**Your task**: The data is to be repeated exactly, with the images removed.

──────── Data excerpt

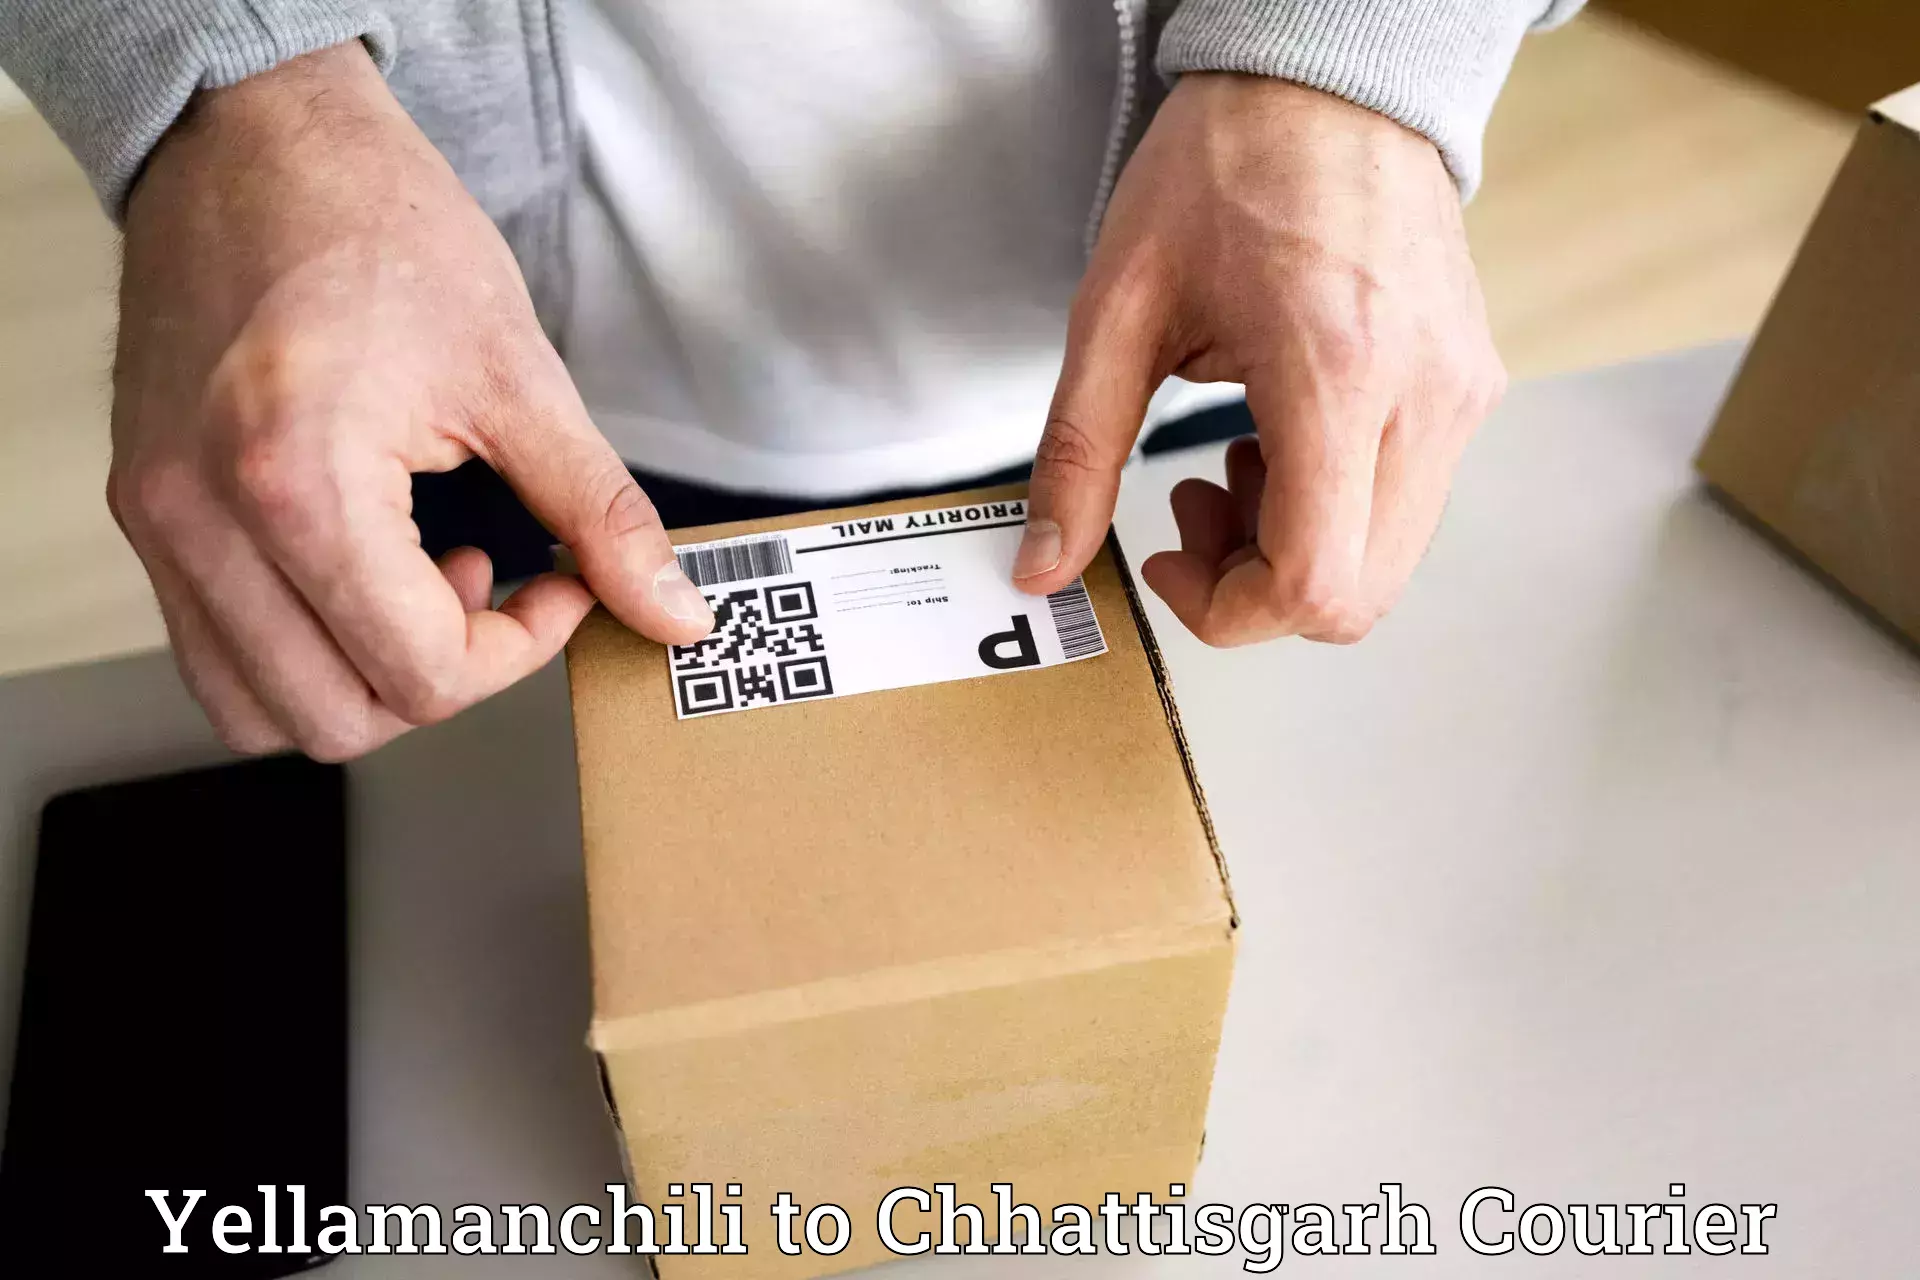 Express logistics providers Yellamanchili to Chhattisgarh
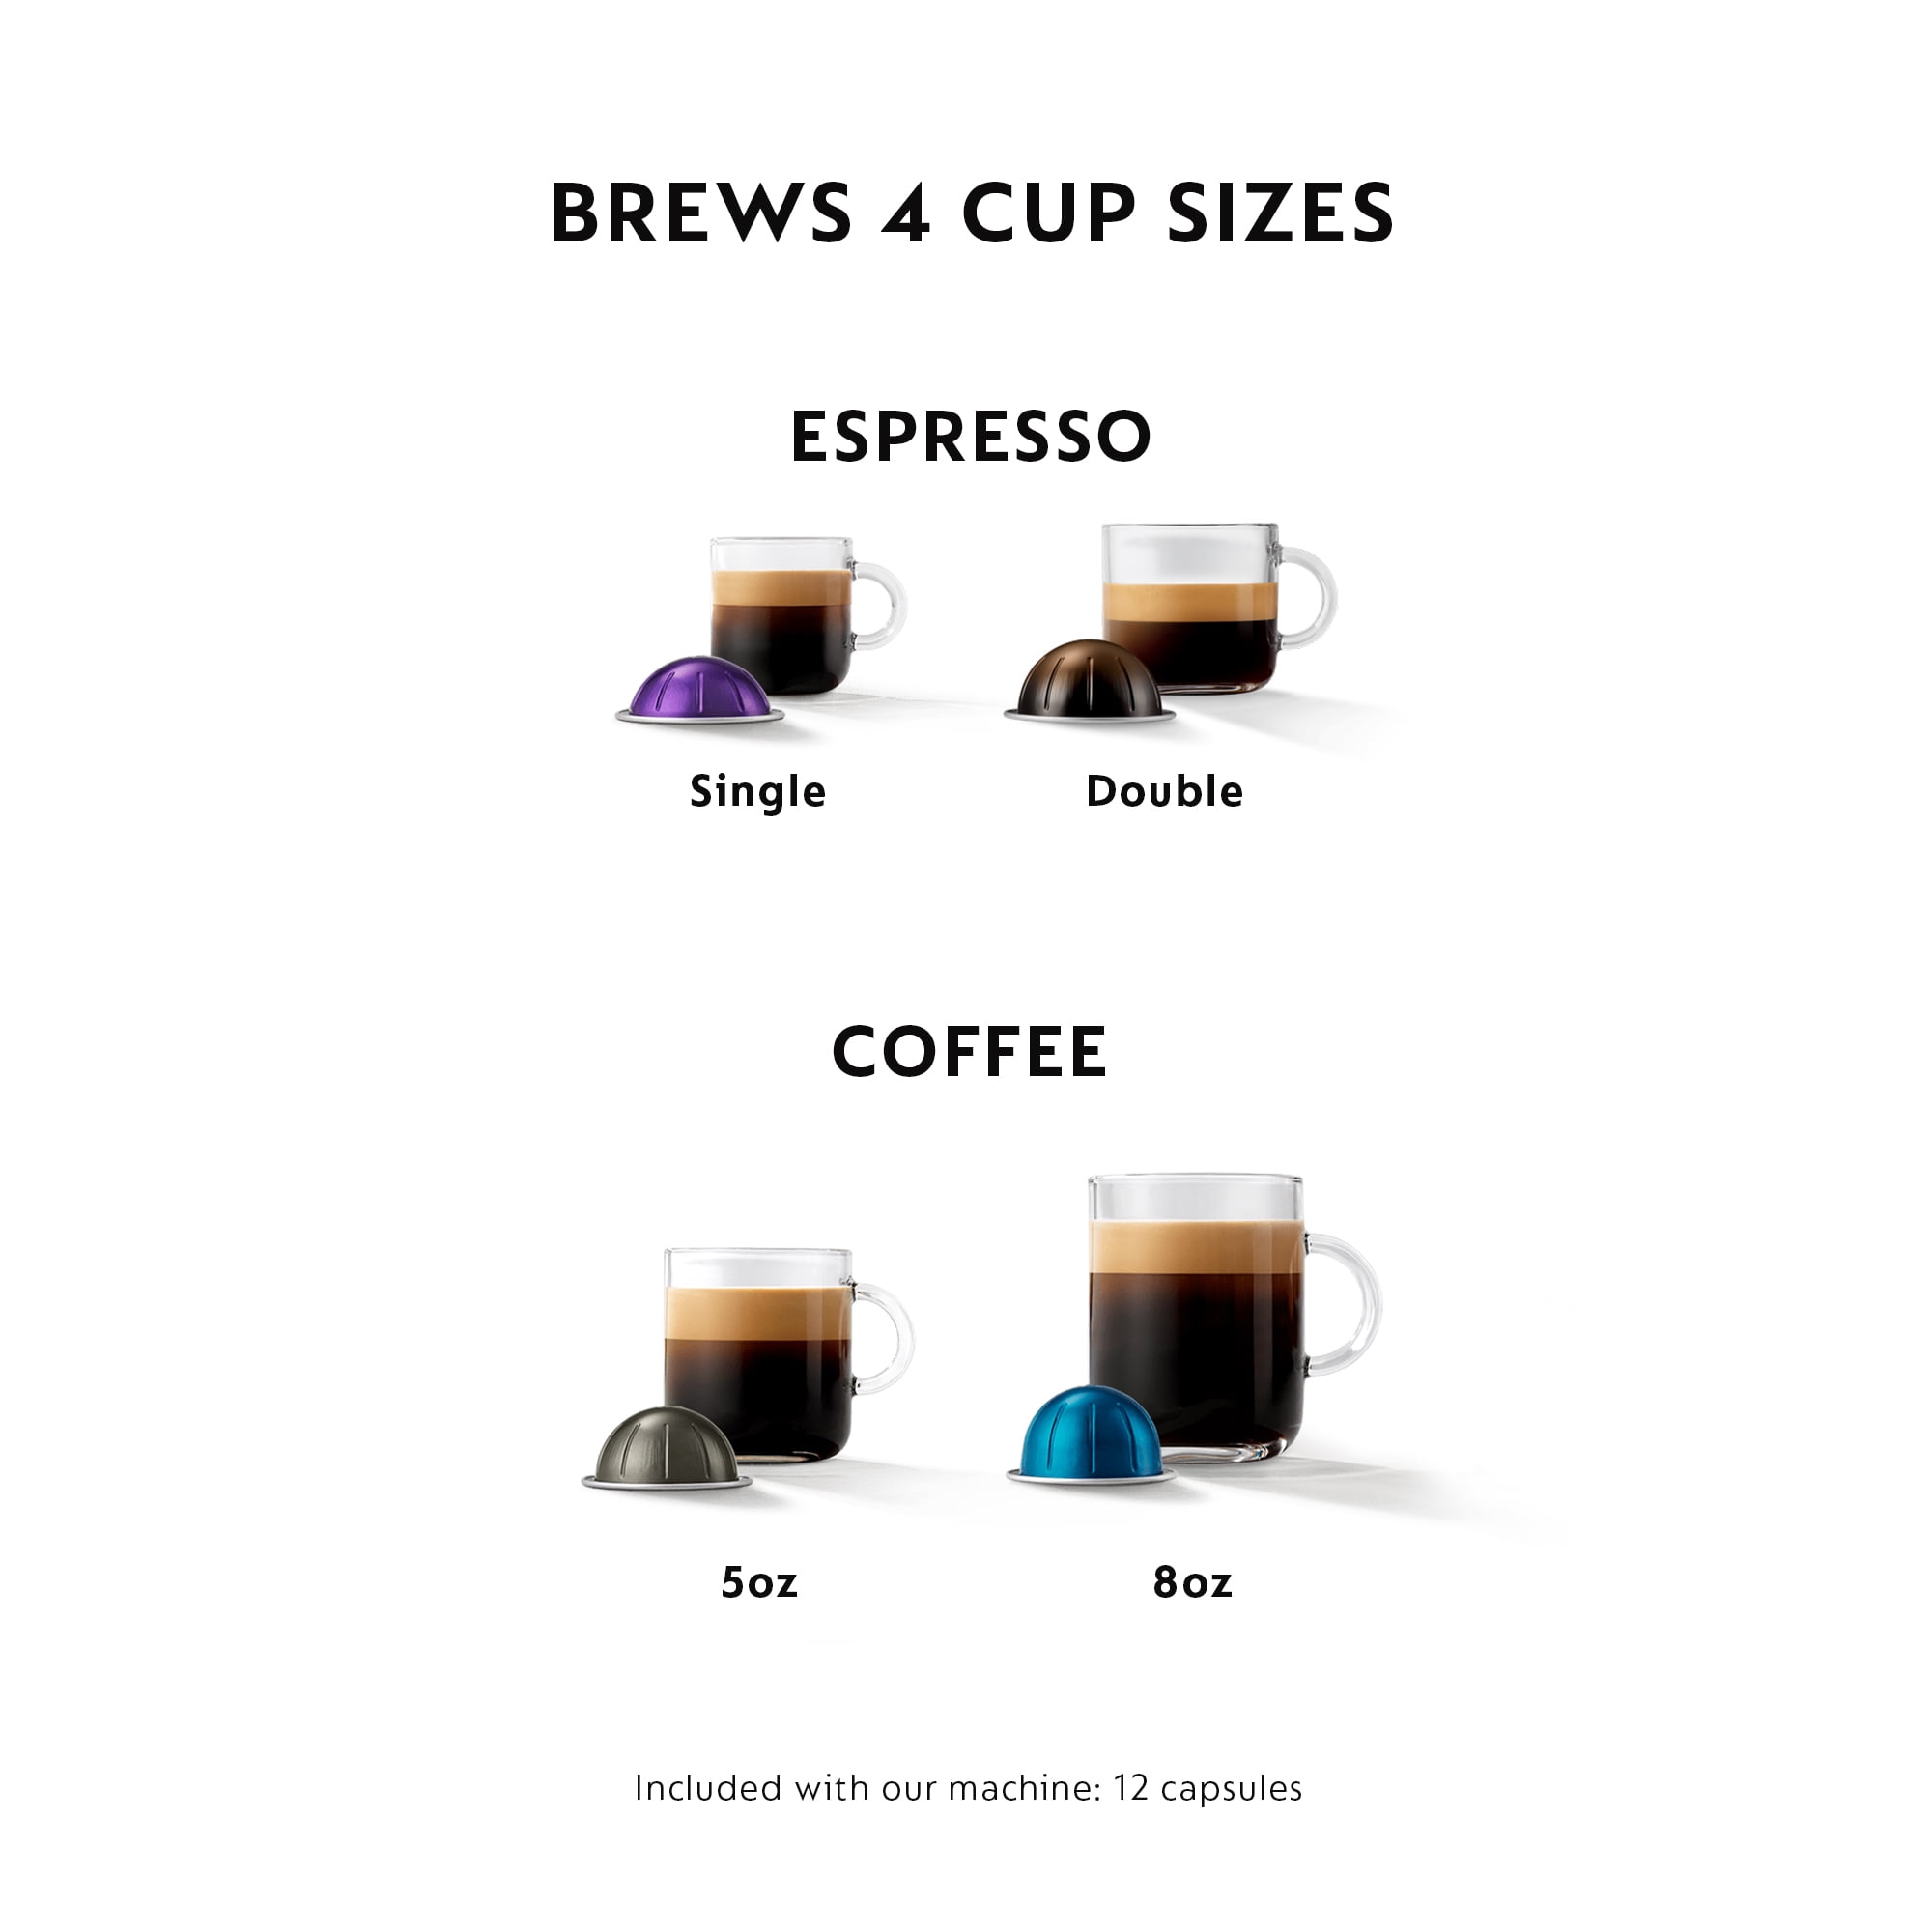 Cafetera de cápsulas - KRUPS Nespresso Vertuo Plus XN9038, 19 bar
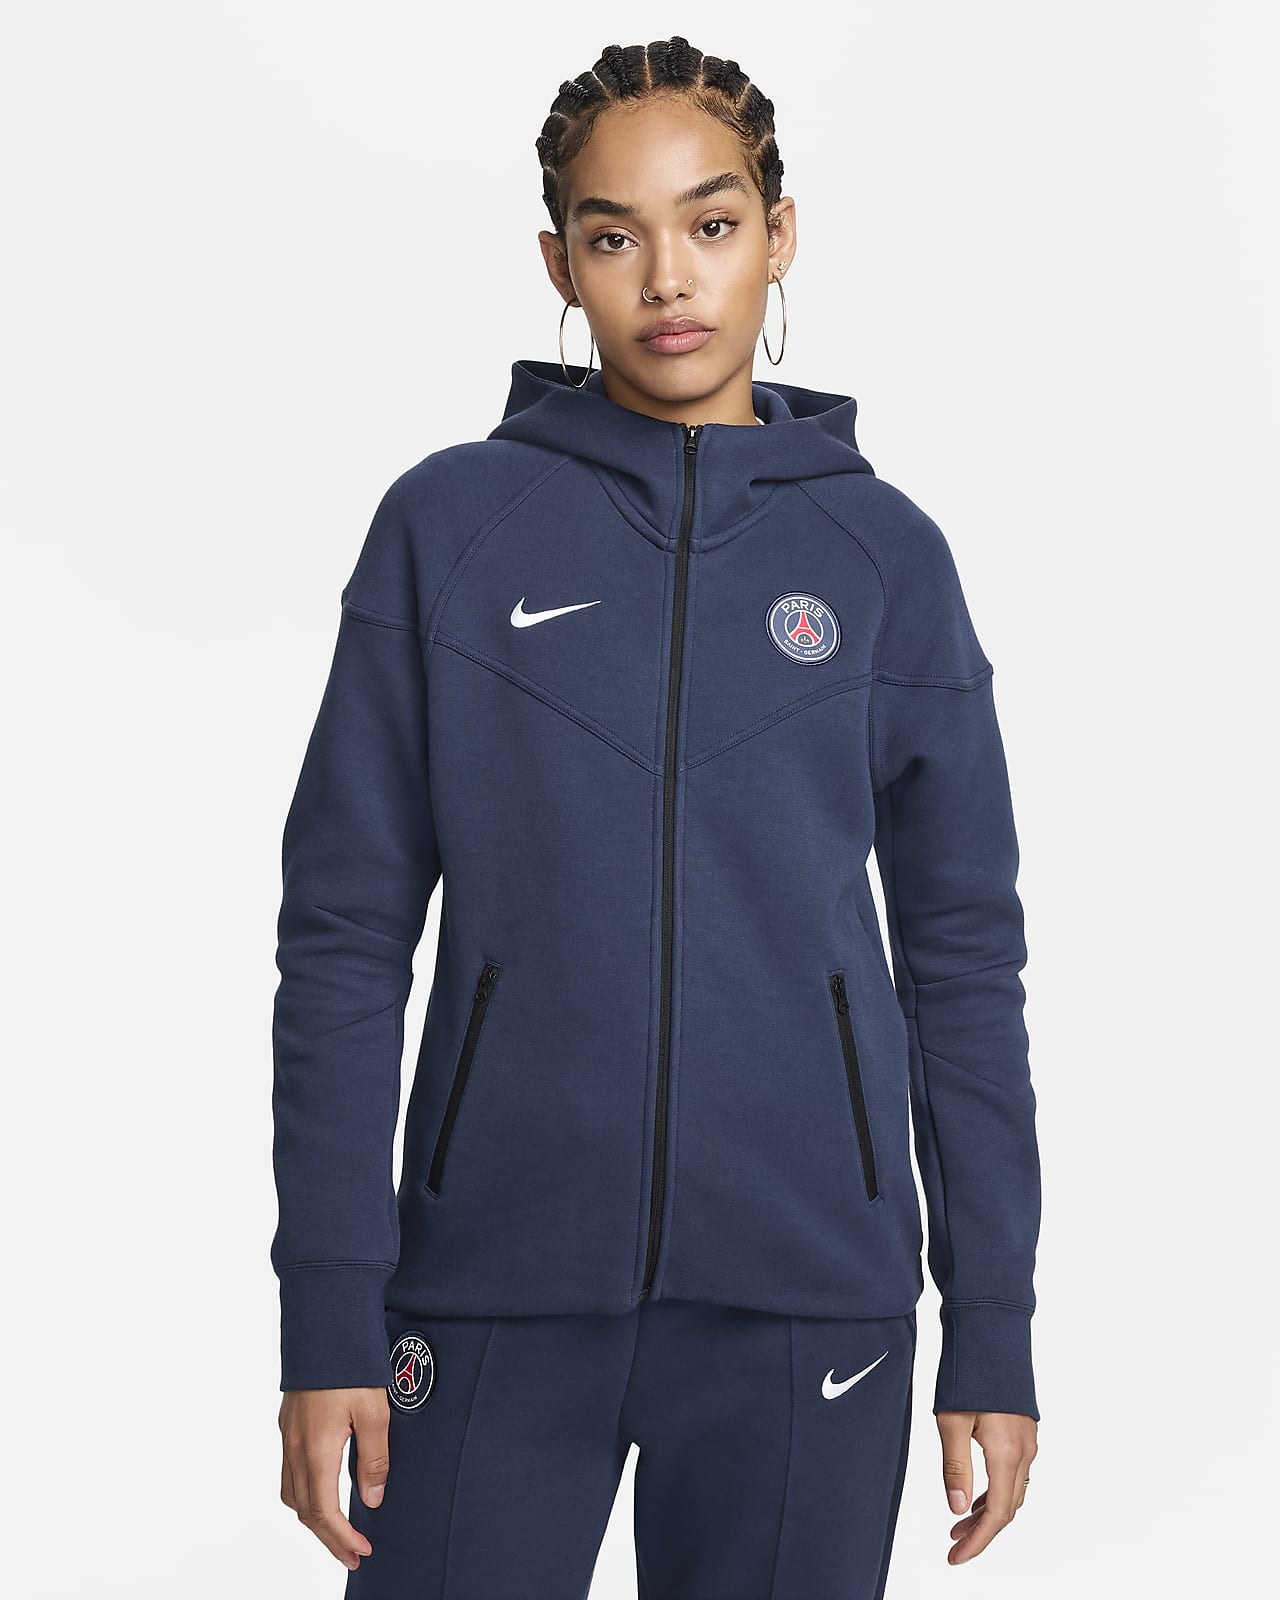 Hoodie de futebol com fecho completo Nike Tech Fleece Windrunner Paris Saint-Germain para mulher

────────────────

**Answer to this exercise**:
 Express logistics providers Yellamanchili to Chhattisgarh
 Cafetera de cápsulas - KRUPS Nespresso Vertuo Plus XN9038, 19 bar
 Hoodie de futebol com fecho completo Nike Tech Fleece Windrunner Paris Saint-Germain para mulher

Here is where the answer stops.